When you’re a freshman quarterback at one of Ohio’s best high school football programs, you know eventually the eyes of Ohio State are going to be on you. That’s just one of the reasons that Toledo Whitmer’s Riley Keller, a 6-foot, 185-pound prospect in the class of 2020, is worth watching over the next few years.
His father, Justin, is the school’s quarterbacks coach. So, as the “coach’s kid,” the pressure increases a bit. What about the fact his cousin is two-time Super Bowl winning quarterback Ben Roethlisberger? That cranks up those expectations even higher.

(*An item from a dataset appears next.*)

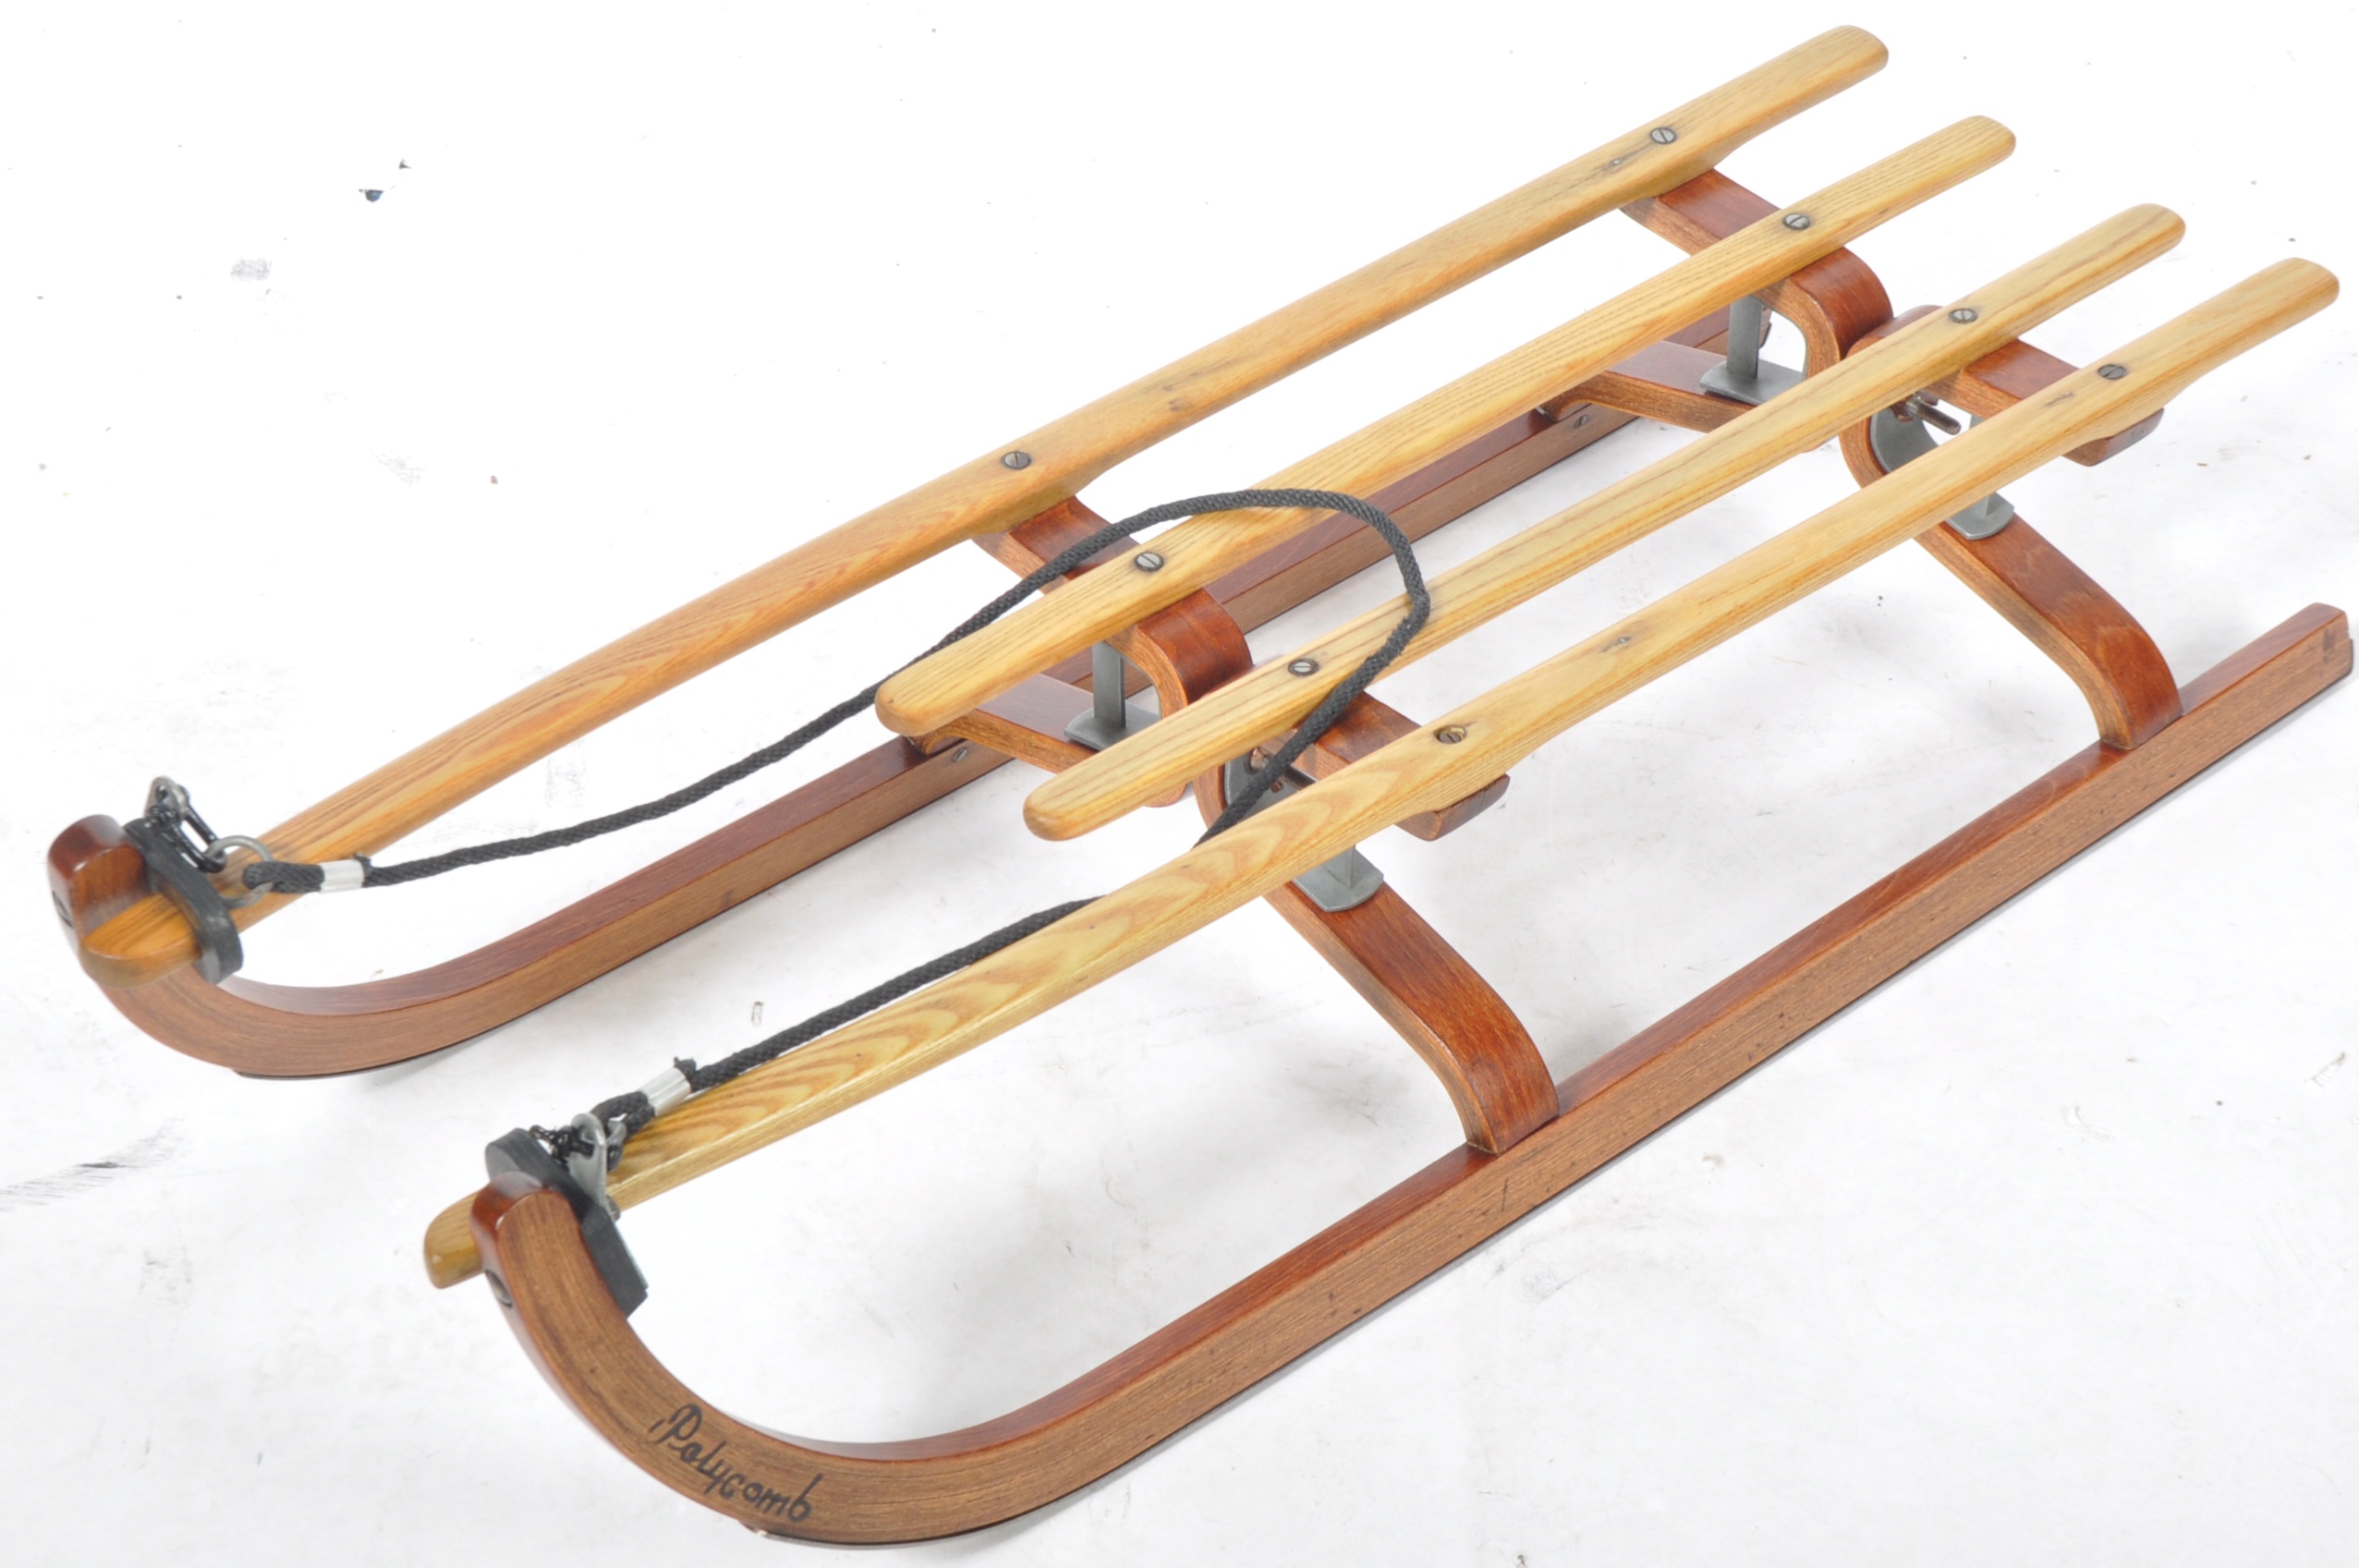 VINTAGE BENTWOOD AND OAK SLED / BOBSLEIGH BY PLAYCOMB - Image 2 of 5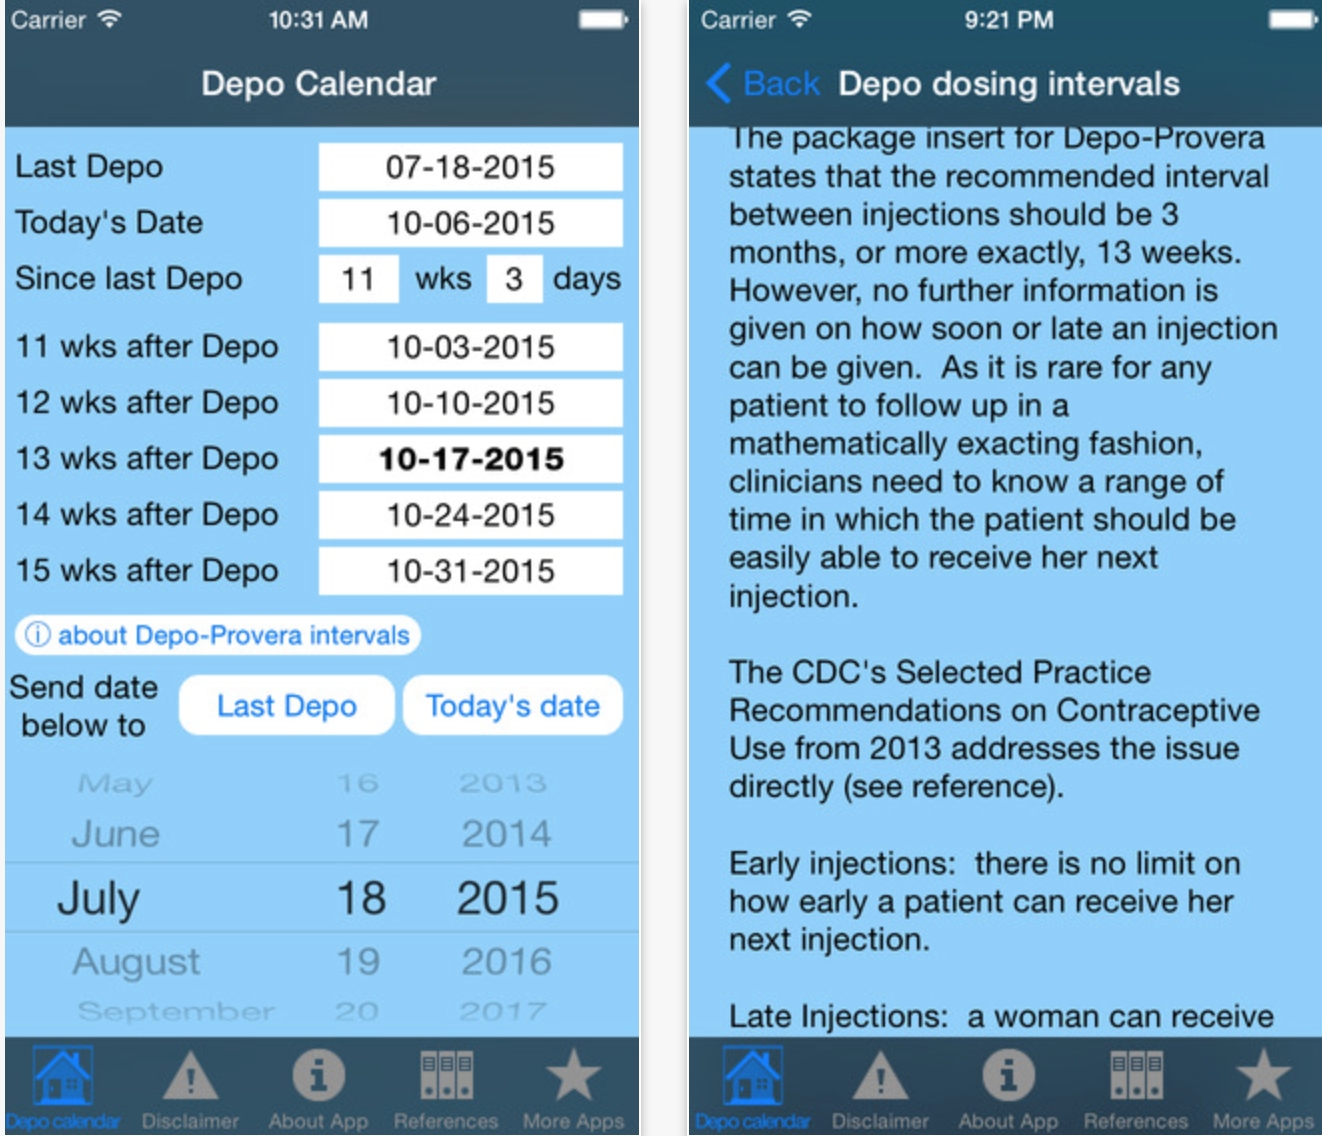 Depo Calendar App Could Significantly Improve Contraception intended for Calendar For Depo Provera Injections

Some of that may be easy to ignore, but when you throw those things into a pile, it’s still just pressure in theory. Add to it the fact that the freshman, who entered the season as the backup quarterback on Whitmer’s varsity squad to senior Shoe Sanders, was thrown into the starting role in the second quarter of the first game of the year?
Now that’s pressure. But that moment? It didn’t seem to faze Keller.
“He came in and took charge from the first play he went in,” Brandon Carter, the defensive backs coach for Whitmer, told Land of 10. “He’s mature beyond his years. His poise is off the charts for being 14 years old. We were playing Walsh Jesuit Week 1 and he came in when the starting quarterback got hurt. He moved the ball up and down the field the rest of the night like it was nothing. On one of his touchdowns, he looked the safety off and threw a fade up the opposite sideline for a score.
“Fourteen-year-old freshmen making their first varsity appearance just don’t do things like that.”
That doesn’t mean he wasn’t nervous. Keller will admit to that. But he said the nerves didn’t last long.
“I was quite nervous,” Keller conceded about that first game. “But I feel like all those nerves make me play better. After that first snap, or hit, it all goes away for me.”
A Division I-level talent, Keller already has two scholarship offers. His hometown Toledo Rockets and the Ole Miss Rebels have each picked up on his skills early. His 6-foot-4 father was a Division I pitcher at Bowling Green, where his mother was a track and field athlete. So he’s working with quite a gene pool, and he’s got good advice coming to him from all sides, including his NFL cousin.
“We are pretty close, I’d say,” Keller said of Roethlisberger. “I go to visit quite often. I’ll actually be in Pittsburgh this weekend for the Dallas game. He invited me and my dad to come to training camp, which we went to back in June. It was one of the coolest experiences of my life by far.”
Though he’s not as tall as the 6-foot-5 Roethlisberger, Keller should add a few inches before his recruitment reaches its end. Until then, he said, the similarities between the two are more in their style of play.
“I think we could be pretty comparable,” he said. “The way we escape the pocket and make big throws down field. The advice he’s been giving me is just to keep working hard.”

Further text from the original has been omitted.